Either way, you will need good slid anchor posts on each end. The step-in posts or t-posts won't work as end posts, holding the fence up.


----------



## poundinghooves (Aug 5, 2010)

Thanks Koolio! So do you think I should just get some plastic step-in posts and a little electric rope/tape and make my own instead of buying a kit? We have something to drive the t-posts and have a few t-posts lying around, I believe. What would I have to use as "anchor" posts? Also, if I did buy a kit or even just the supplies to make something temporary, will I also have to buy an energizer or can I hook the temporary fence into my permanent electric fence and use the "juice" off of that? Hope all this makes sense.

Also, has anyone used Gallagher SmartFence? It looks pretty good but it doesn't come with an energizer and I was wondering if I could electrify it by connecting it some how to my permanent electric fence?


----------



## Koolio (Apr 7, 2010)

I don't know how much you will save by buying a kit, but you should be able to buy all the components at your local farm store. Basically, you will need a spool of visible electric rope or tape, some posts, a few splicers or end stringers, charging unit and a couple of grounding spikes or rods. A kit may not give you enough posts or wire, or it may be plenty.

I have 8 acres and keep about 30 or so step in posts to use for cross fencing or temporary grazing. I keep an extra spool of electric rope on hand (660') for repairs on my existing fence or for temporary fencing. I often have 2 or 3 cross fences going at once. I also keep extra splicers so I can cut and piece together strands to fit what I want and connect the temporary fence to my permanent electric fence.

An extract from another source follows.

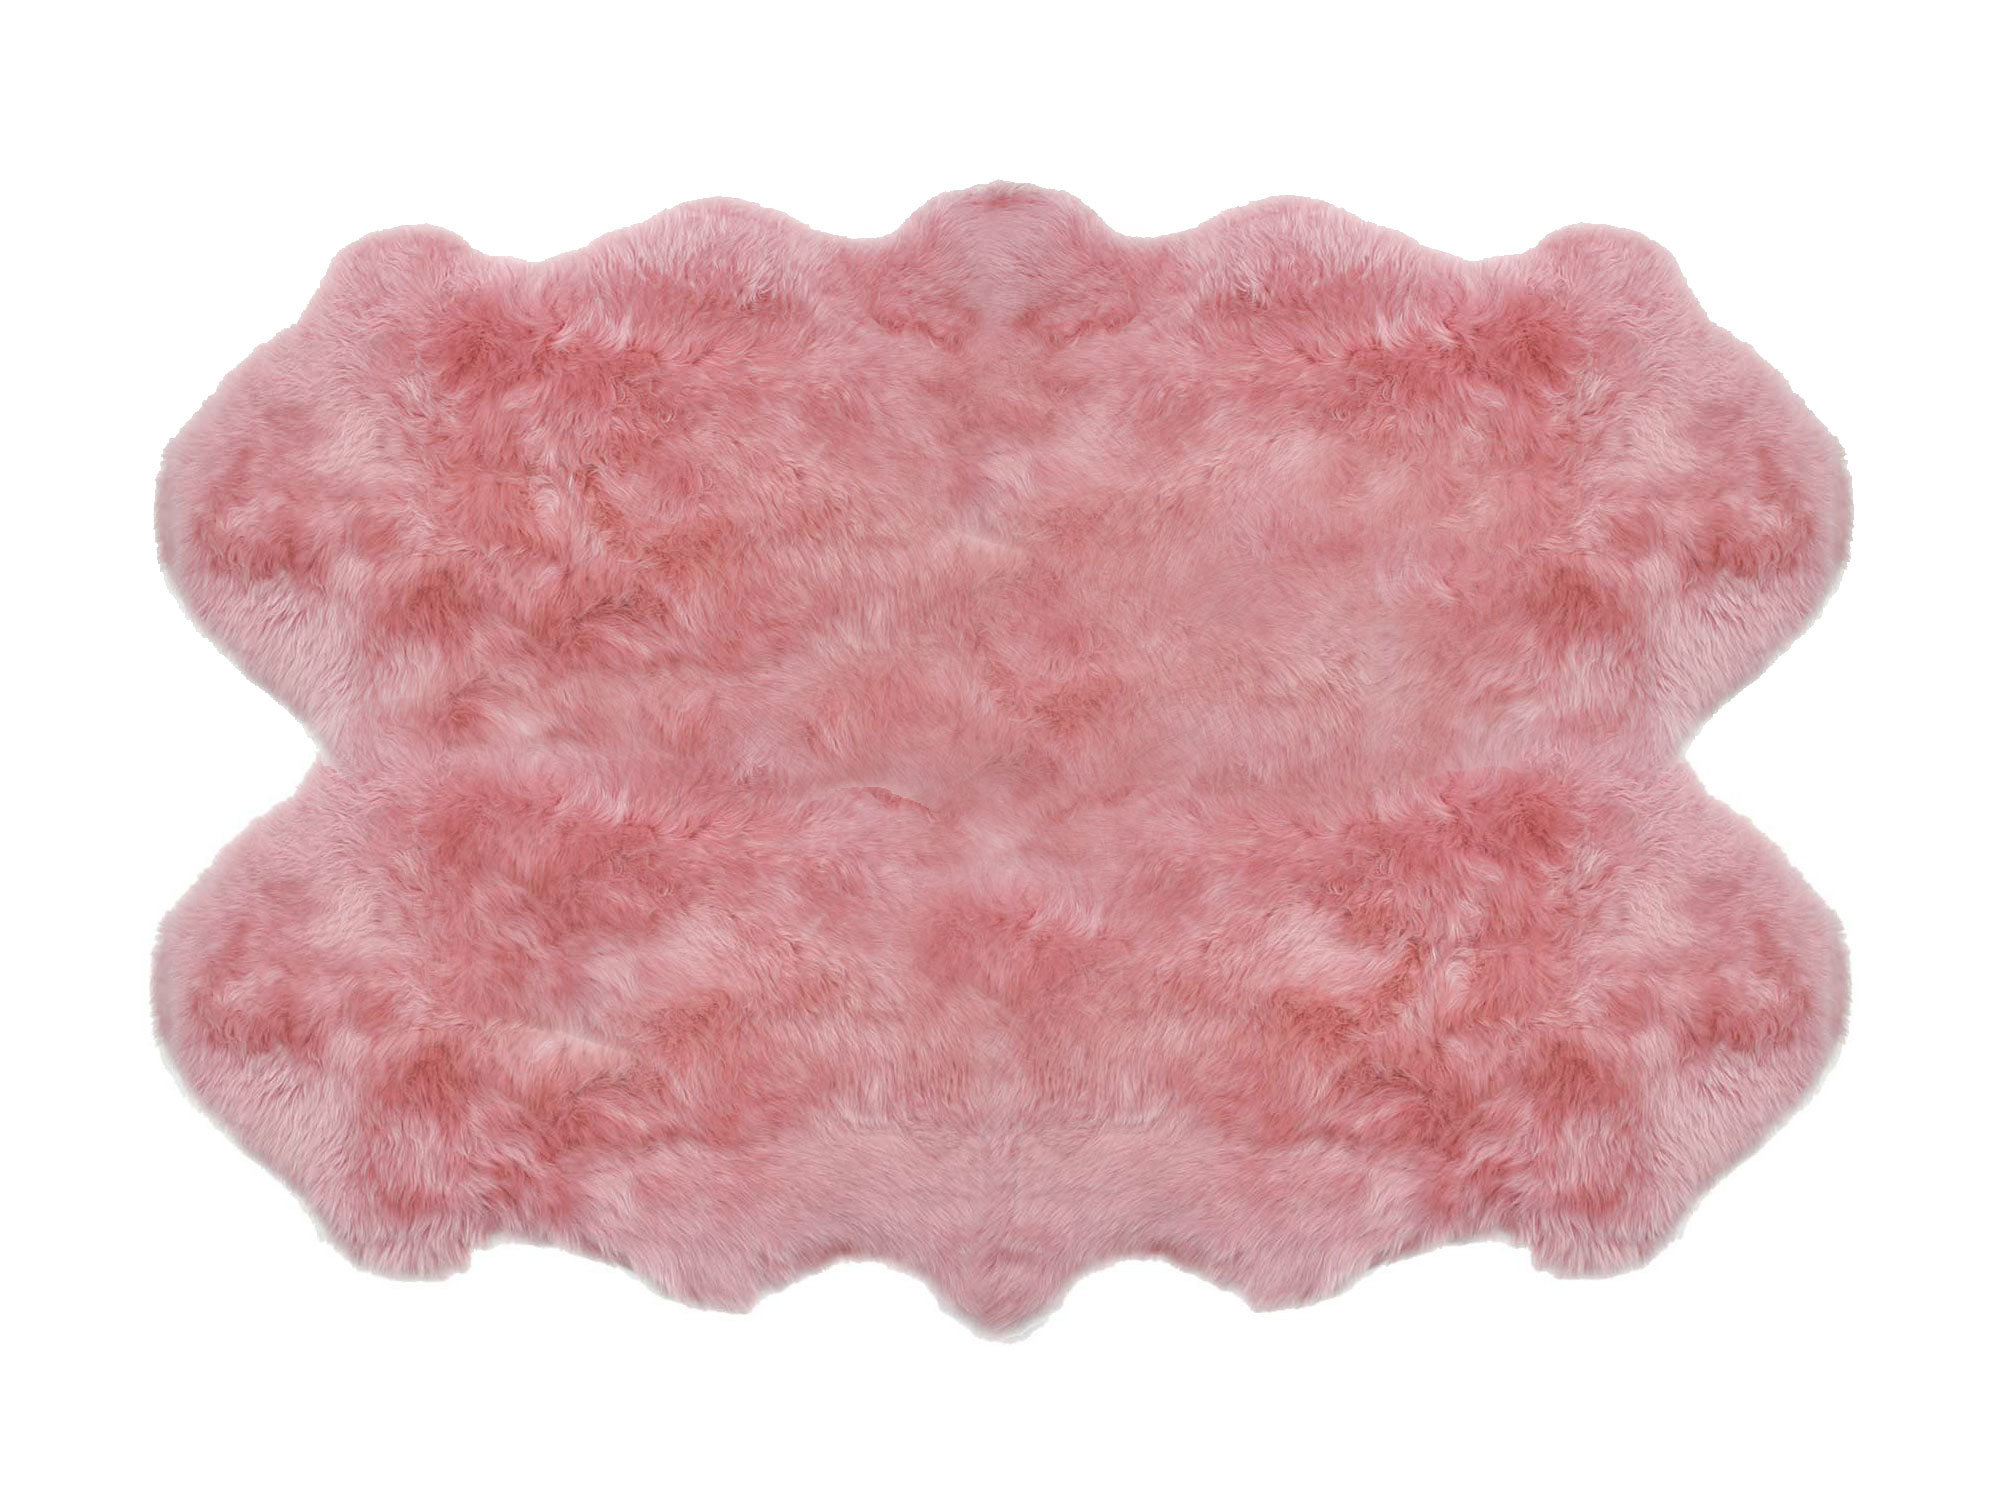 Baby Seat For Golf Cart >> FIBRE by AUSKIN Sheepskin Rugs 4 Pelt Premium Dark Rose Pink – Ultimate Sheepskin

Regarding end posts, ideally you want to use sturdy permanent wood posts or similar as they will support the tension in the electric strands. You will also need to attach the ends in a way that doesn't ground out the electric. I think they parts are called end strainers.

For the fencer, just be sure to purchase one that is large enough for the distance you want to cover and ground it properly. You can get fencing units that sre solar (most expensive), battery powered (battery not included), or plug in (least expensive). Also check to see how weather resistant it is and if you need to cover it.


----------